So what's the moral of this story? Aside from 'lesbians hold grudges'?
i think im the only person who makes thank you cards for their drug dealer
all i know is that each time we woke up we were at a different chinese restaurant. help.
Made a salesman quit his job, a saleswoman cry, and got a manager to half shout "fuck this"....successful drunk Christmas shopping
Just had flashback to me showering u with stir fry as u rythed on the floor
I just threw up over a bridge. I didn't even know there was a bridge in this town. Vodka is like a transportation device.

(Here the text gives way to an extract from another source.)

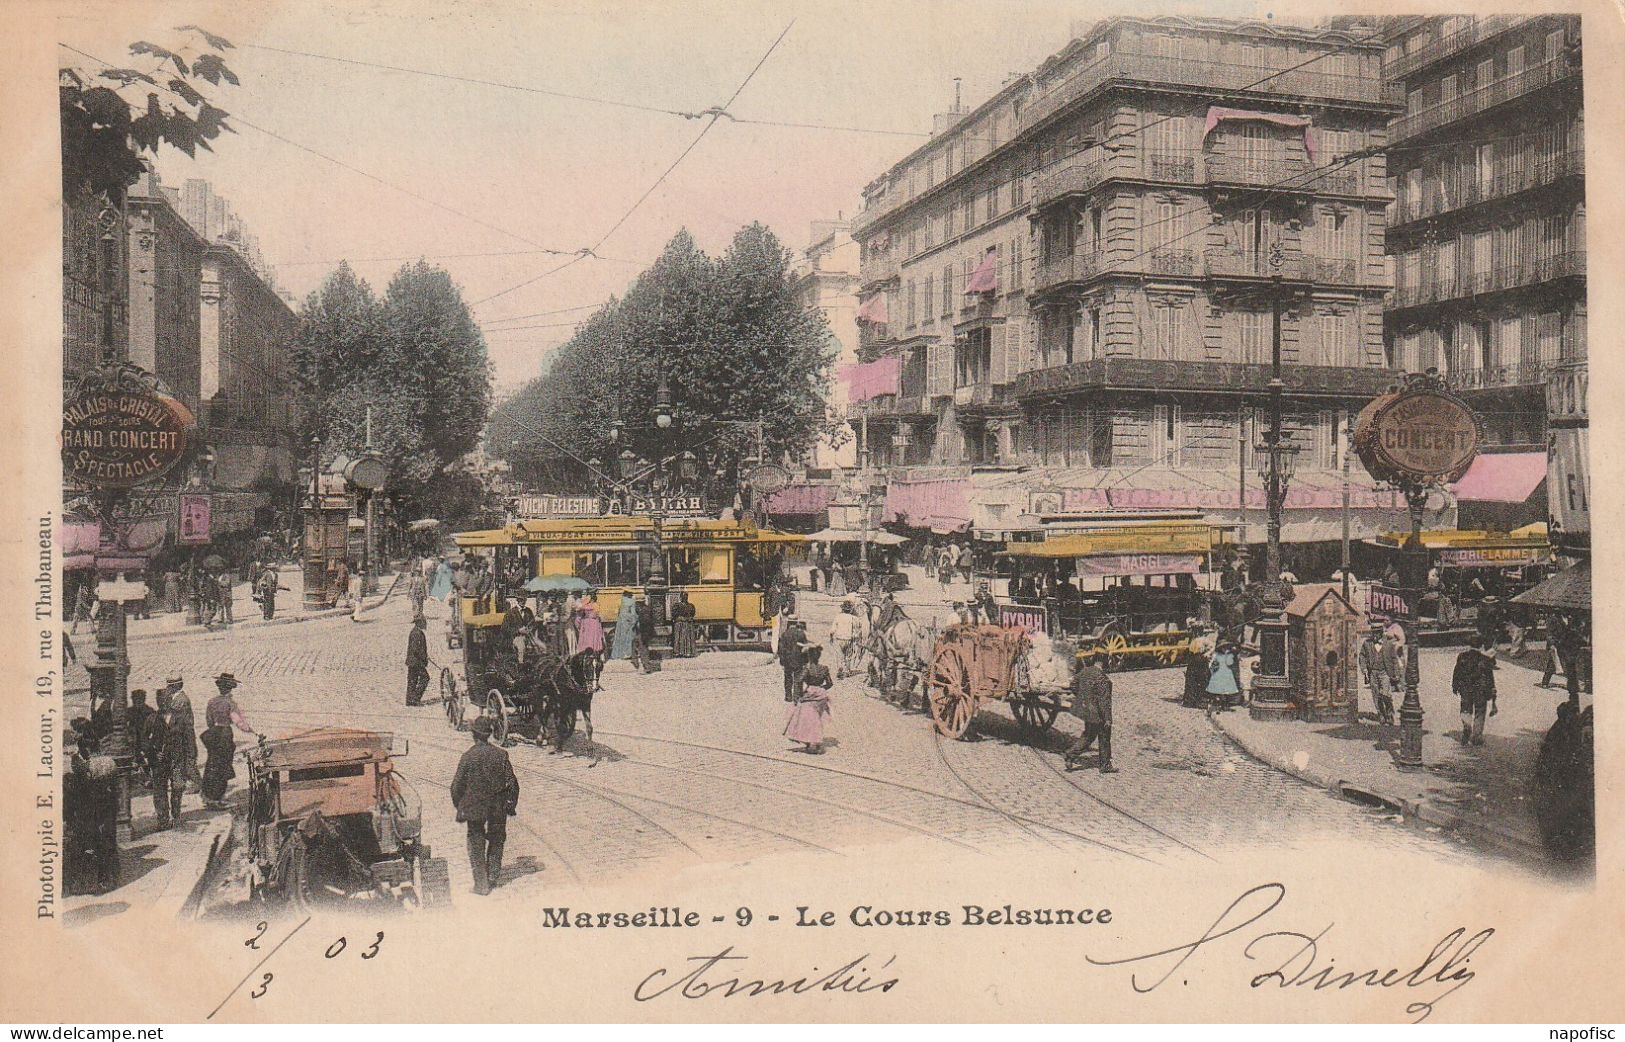 13-Marseille Le Cours Belsunce - The Canebière, City Centre

We convinced the Dj to let us play musical chairs...... I won by the way.
You're obviously not trying hard enough. GET LAID. Kittens die for less.
Touche salesman.
Are you up yet? I really want to know if i tried sleeping in a field... i have the vaguest memory of trying to
Get the fuck back here. Your brother taped bottle rockets to the front of his scooter and is bombing around screaming, "Rest in peace, Goose!"
Our host-mom was rubbing her back sympathetically going "muy bien, chica" while she puked on the beach. So yeah, I think we got the best one.
Apparently we stole a dog last night. I woke up and it was just staring at me. But we fed it left over KFC for breakfast so it's cool.
The fact our science teacher from high school was buying us drinks and hitting on me doesn't matter.
Typical. We're ready to go, and you're not wearing pants.